_Source information_

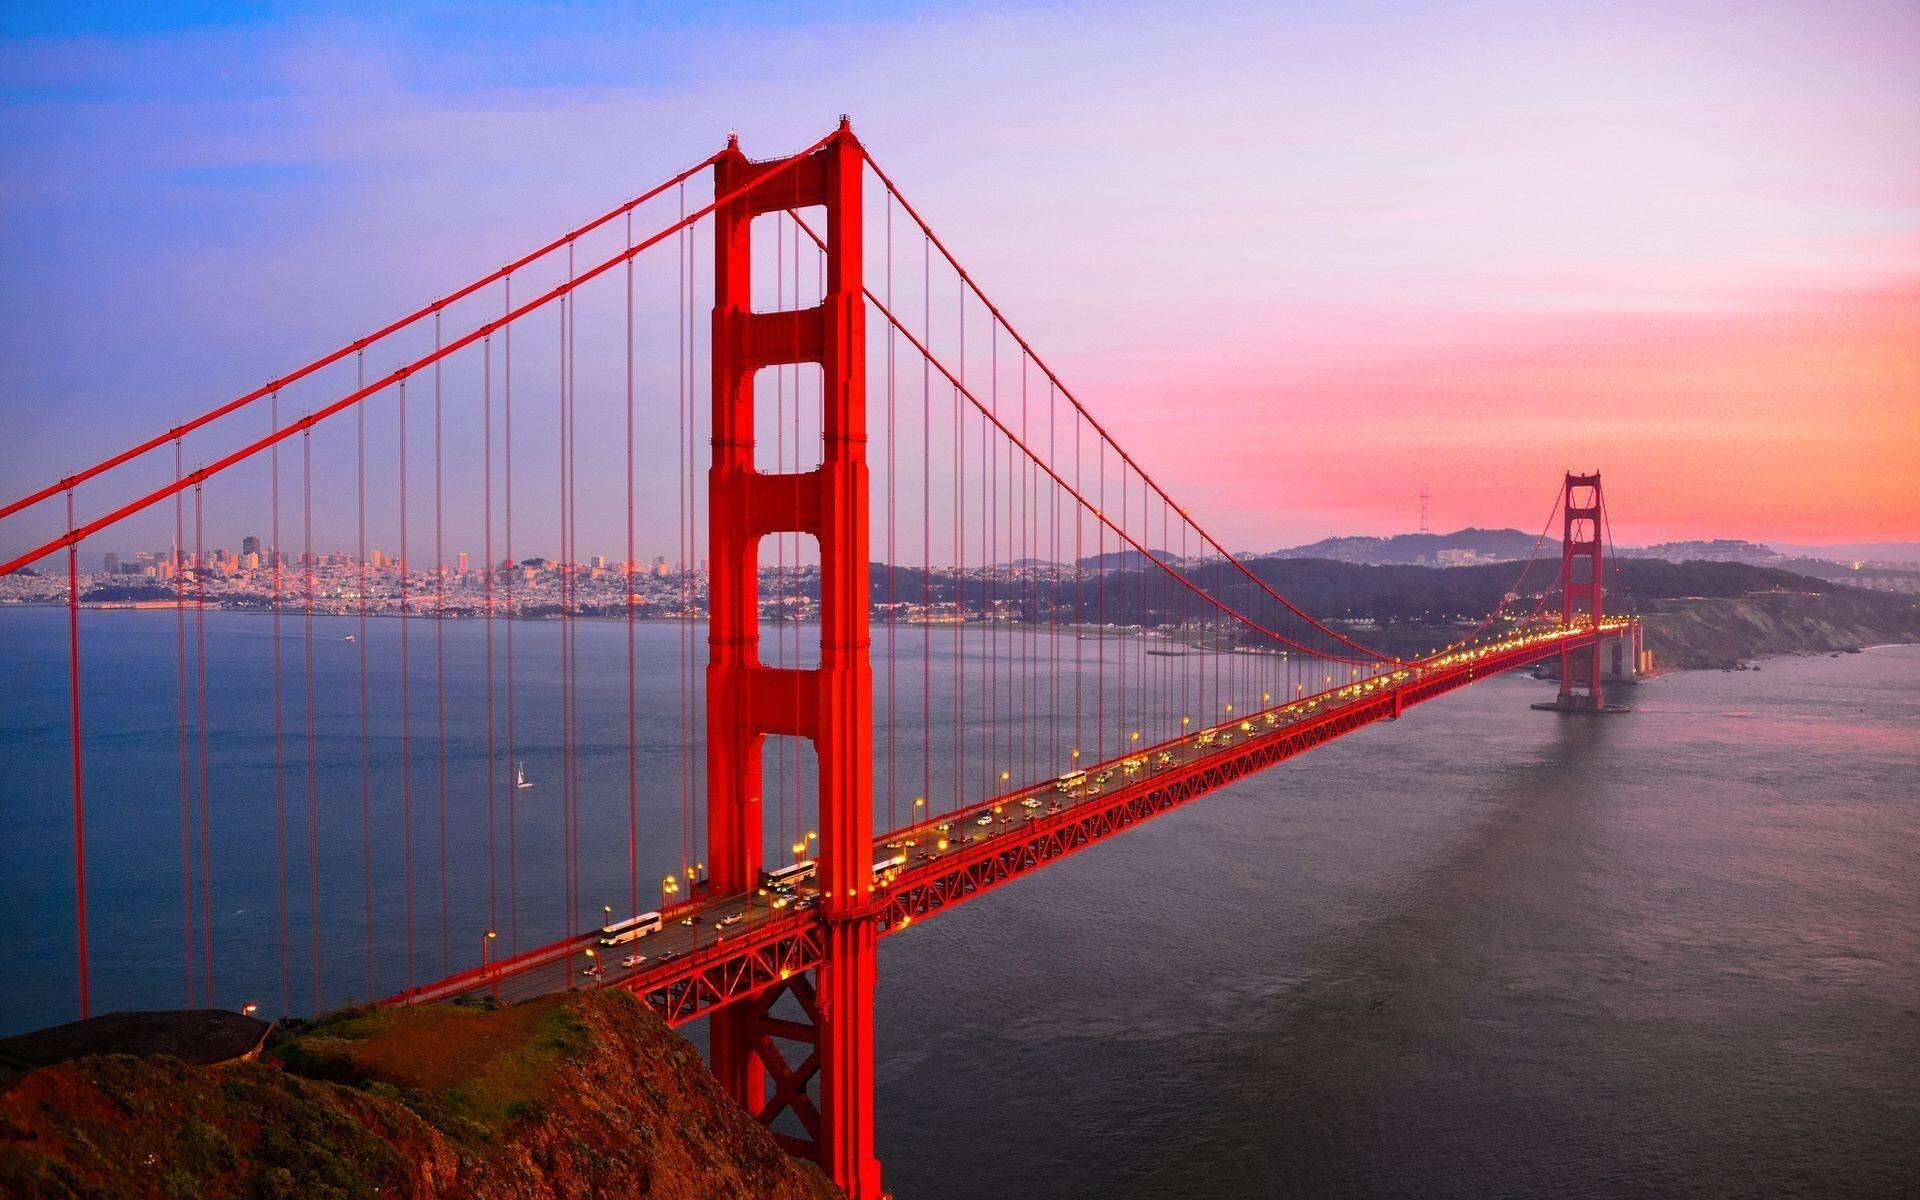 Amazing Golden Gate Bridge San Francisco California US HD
---
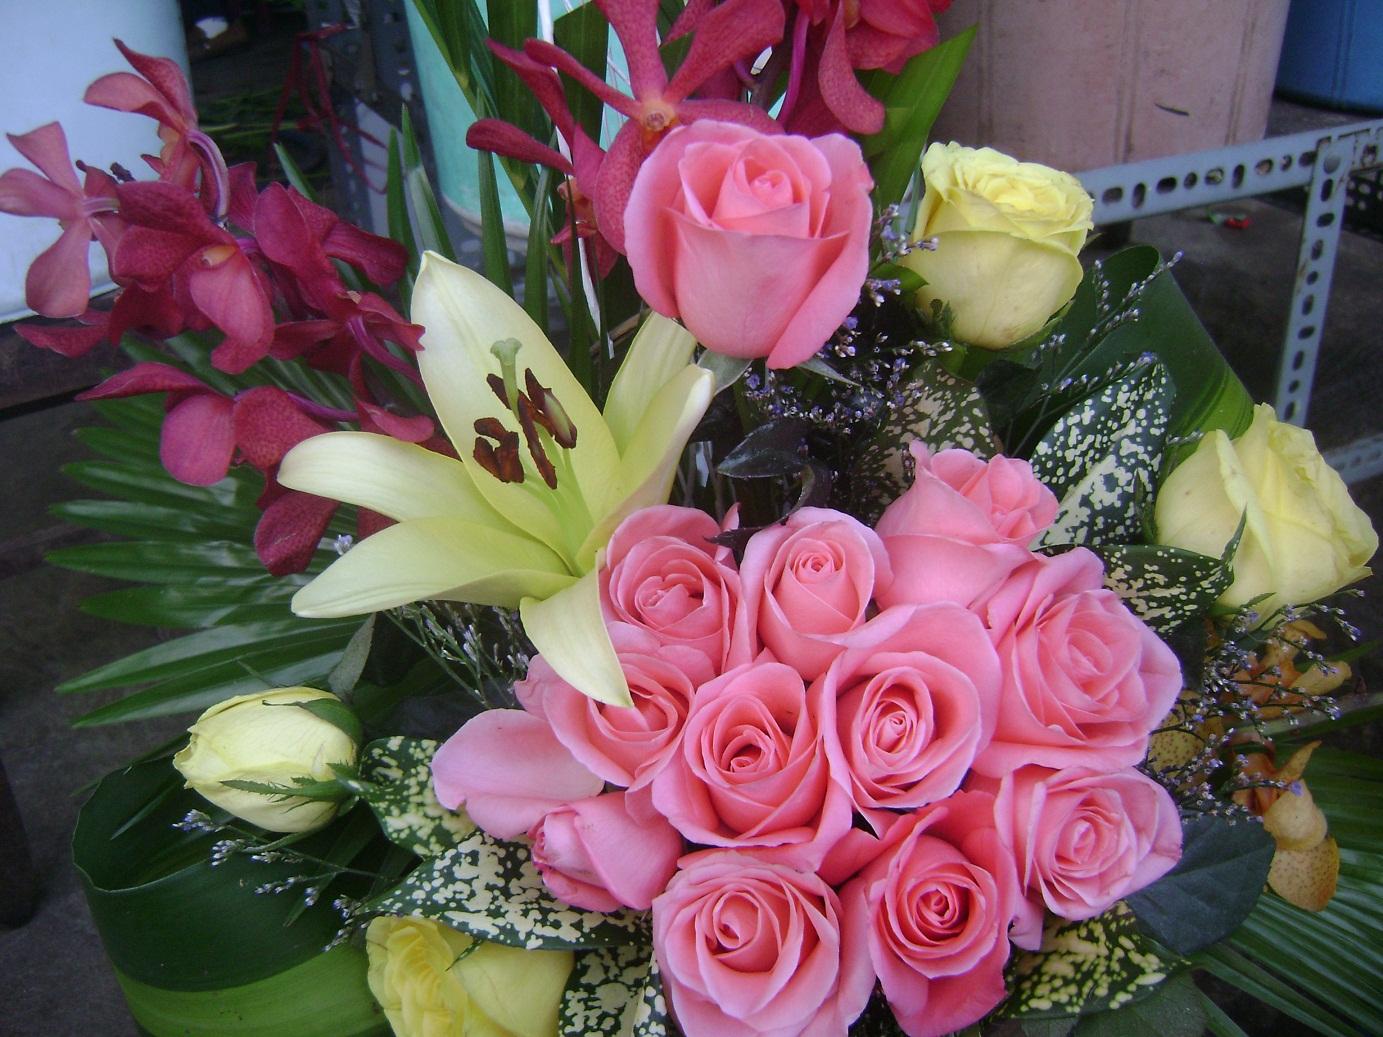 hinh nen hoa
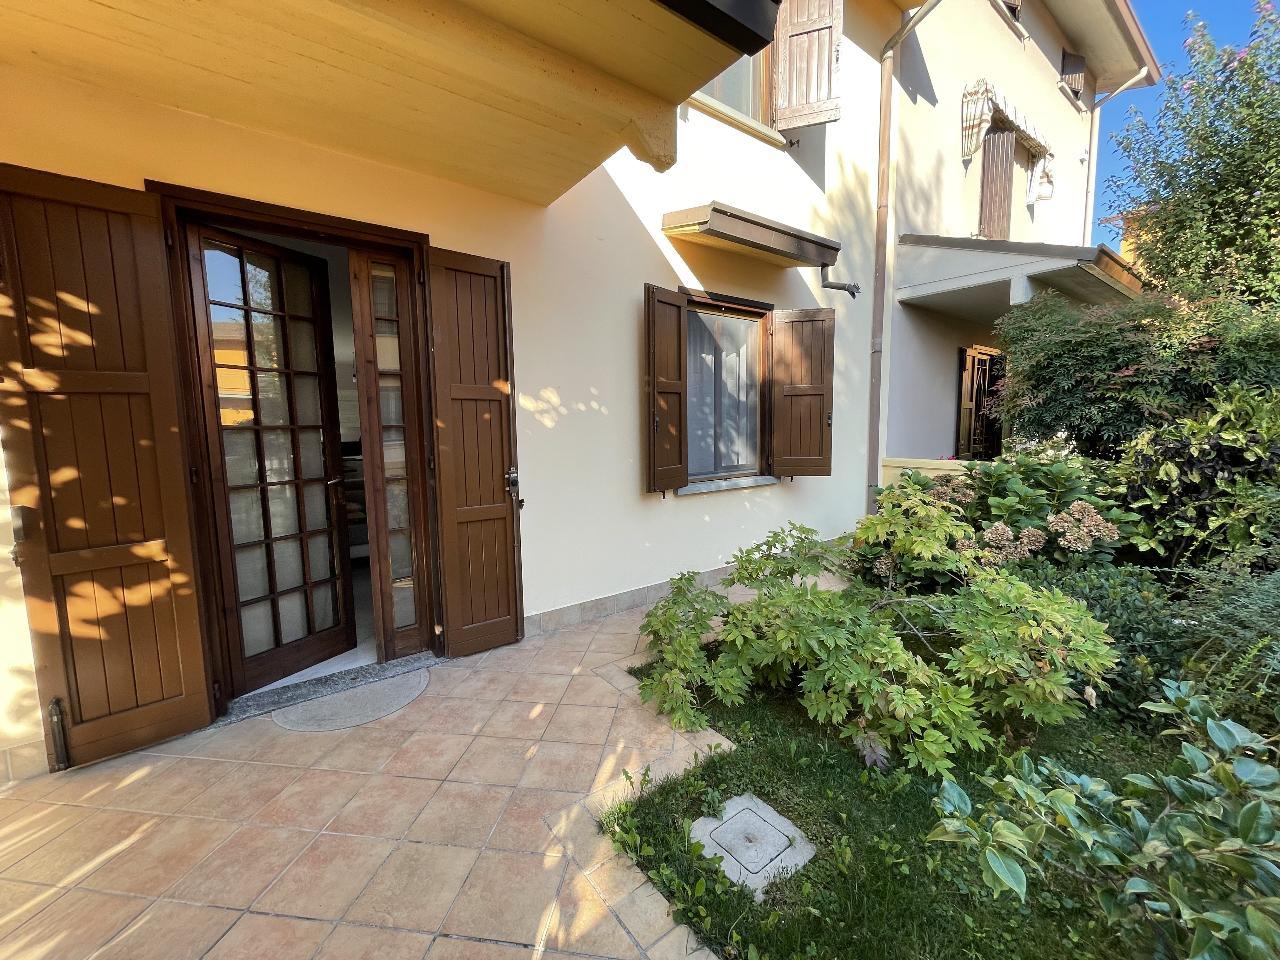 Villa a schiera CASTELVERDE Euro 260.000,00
---
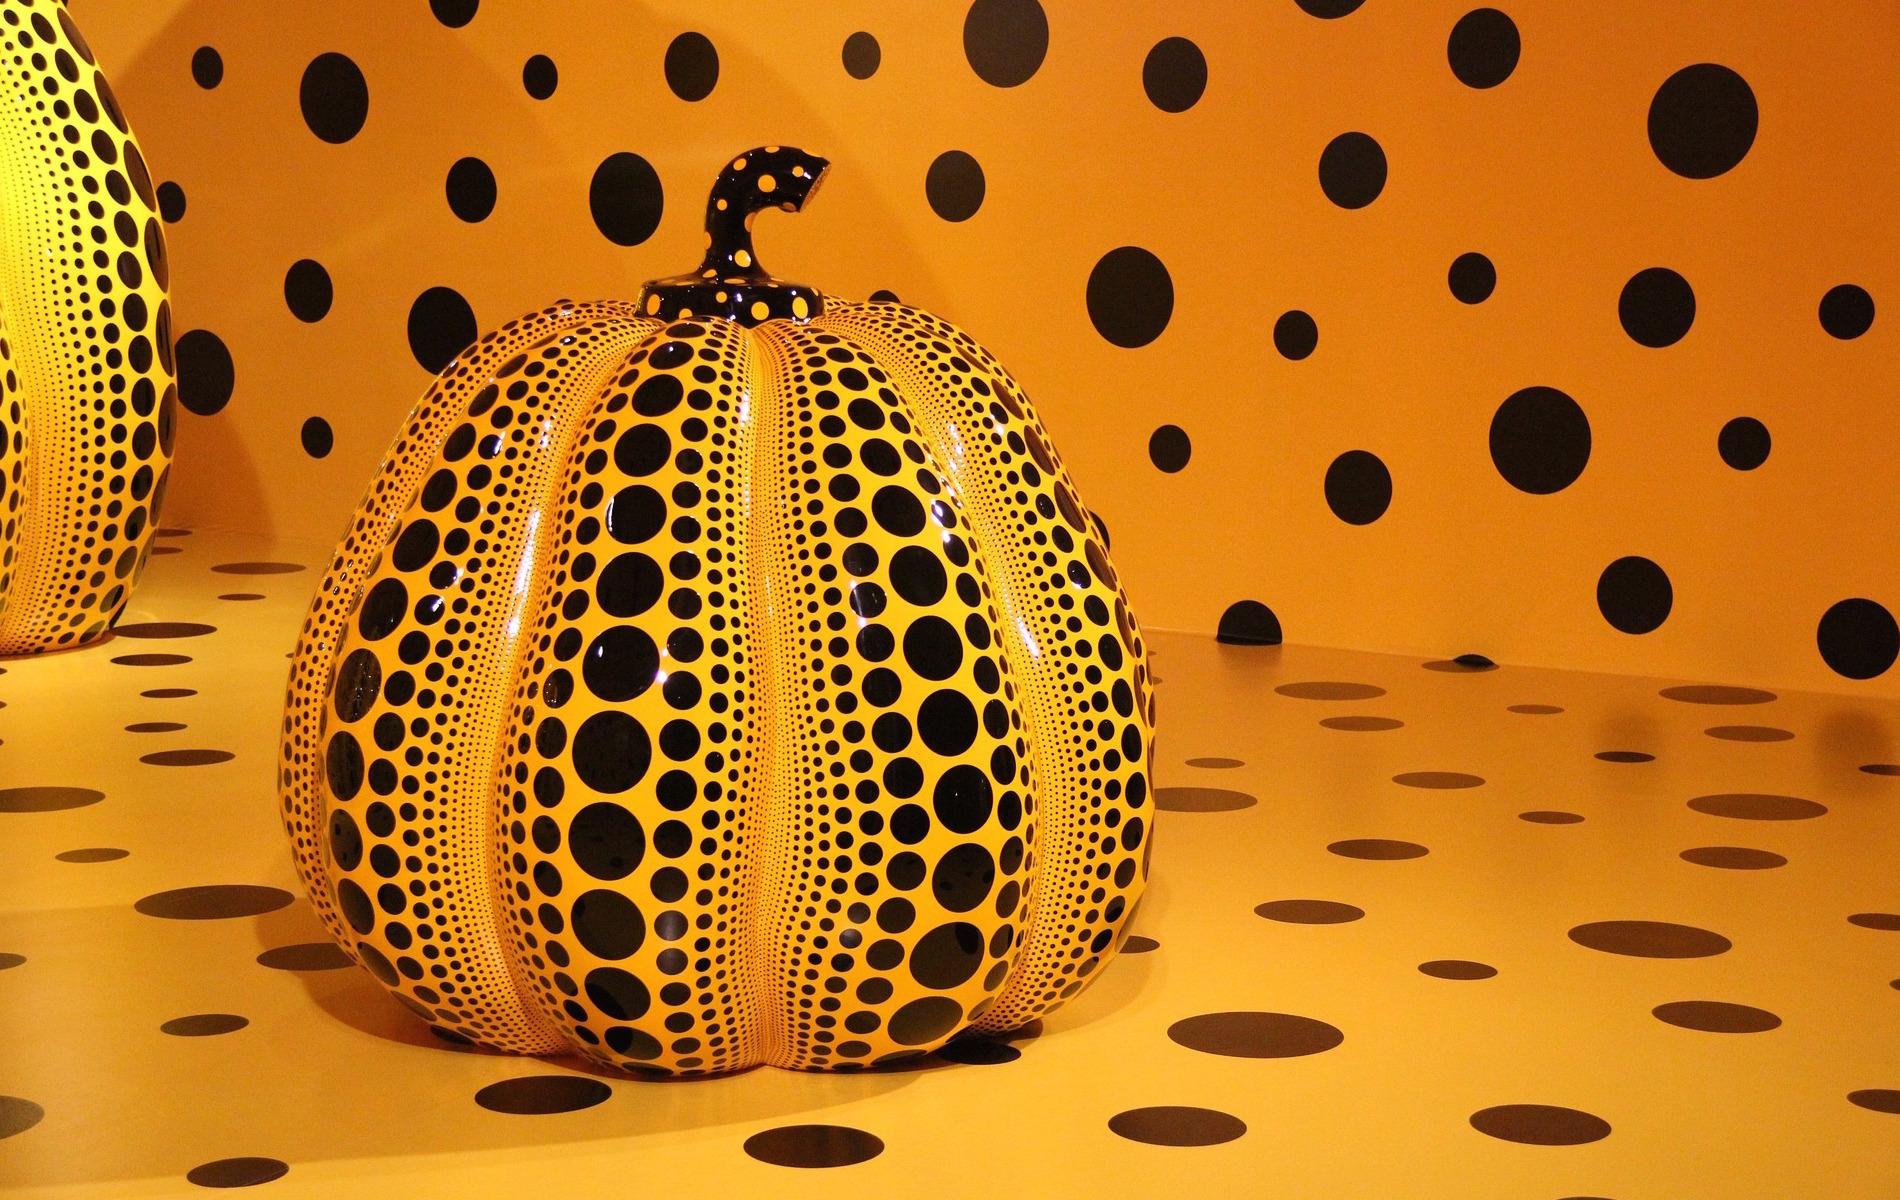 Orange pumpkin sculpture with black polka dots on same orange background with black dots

_Exercise goal_
Here the job is to copy the listing above word for word, starting at the line with "hinh nen hoa" and ending at the line with "Villa a schiera CASTELVERDE Euro 260.000,00", and to leave out the pictures.

_Answer to this problem_
 hinh nen hoa
 Villa a schiera CASTELVERDE Euro 260.000,00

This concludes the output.